#### [Work task]
For this exercise, output the entries below exactly from the line that holds "CNL-1113 Sürtmeli Jeep-Can" to the line that holds "konsolidacja zamowien z", both ends included. No pictures belong in the copy.
----- Data for analysis -----
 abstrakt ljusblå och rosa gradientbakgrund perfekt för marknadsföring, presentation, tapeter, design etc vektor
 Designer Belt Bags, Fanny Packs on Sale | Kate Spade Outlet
-----
----- Data for analysis -----
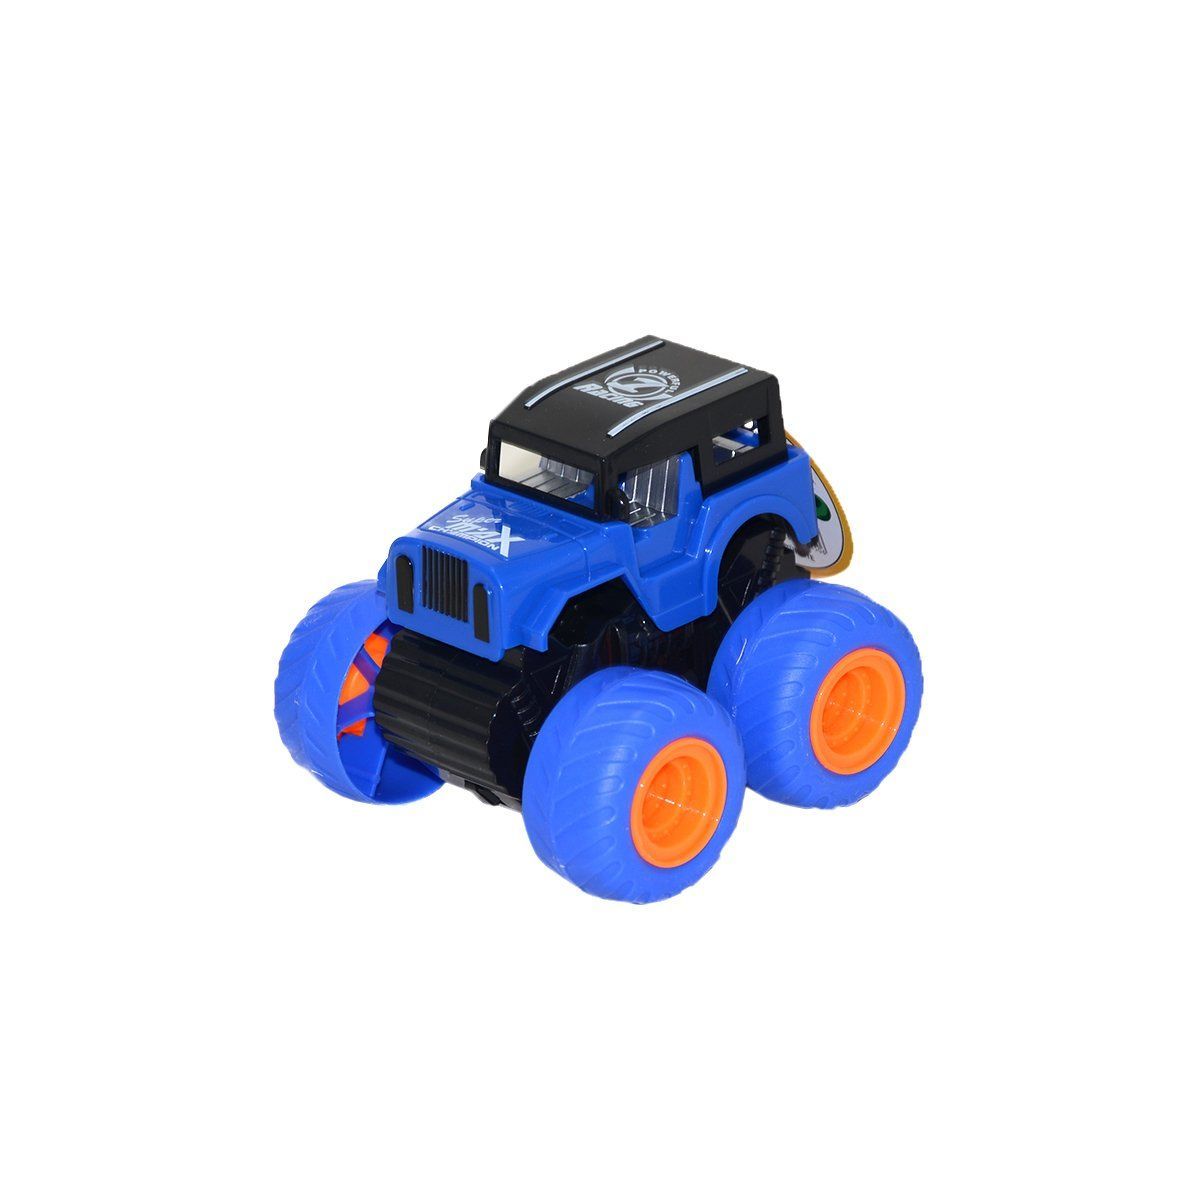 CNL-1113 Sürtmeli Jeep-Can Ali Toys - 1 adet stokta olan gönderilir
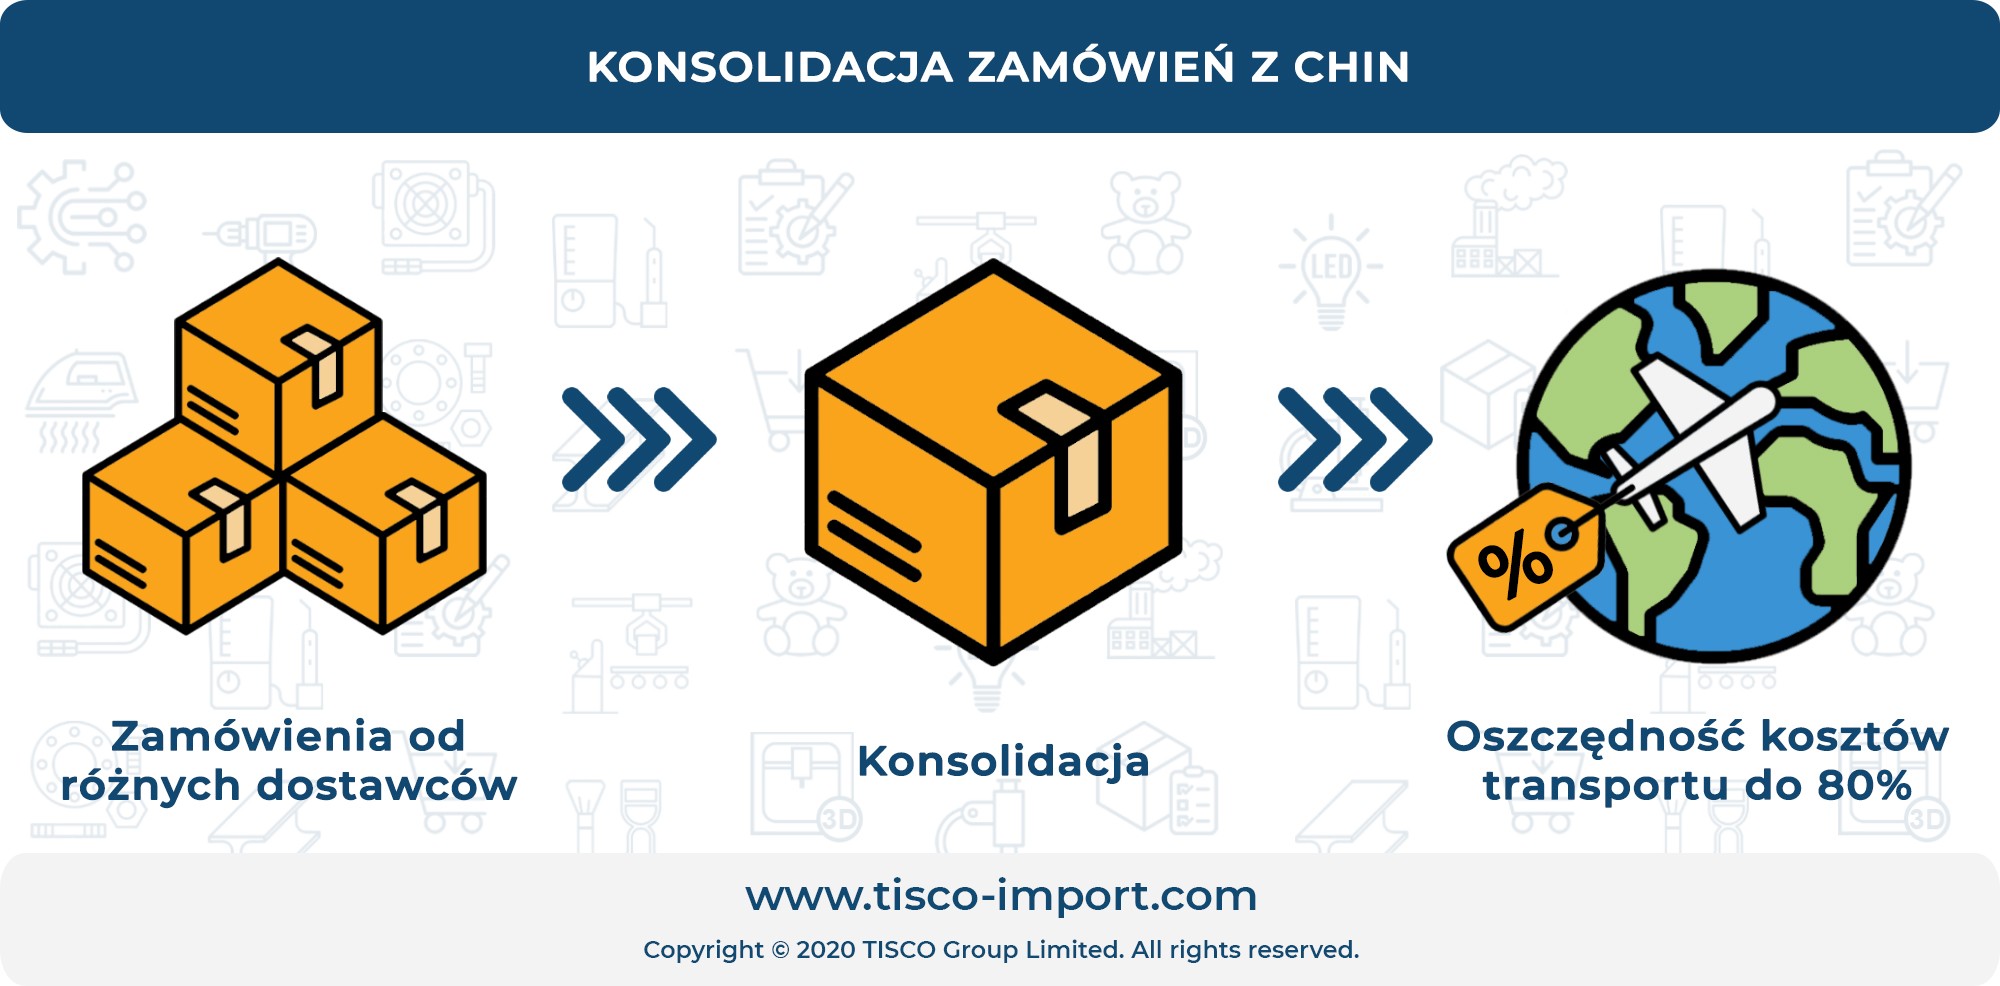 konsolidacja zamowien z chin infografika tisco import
-----
#### [Answer section]
 CNL-1113 Sürtmeli Jeep-Can Ali Toys - 1 adet stokta olan gönderilir
 konsolidacja zamowien z chin infografika tisco import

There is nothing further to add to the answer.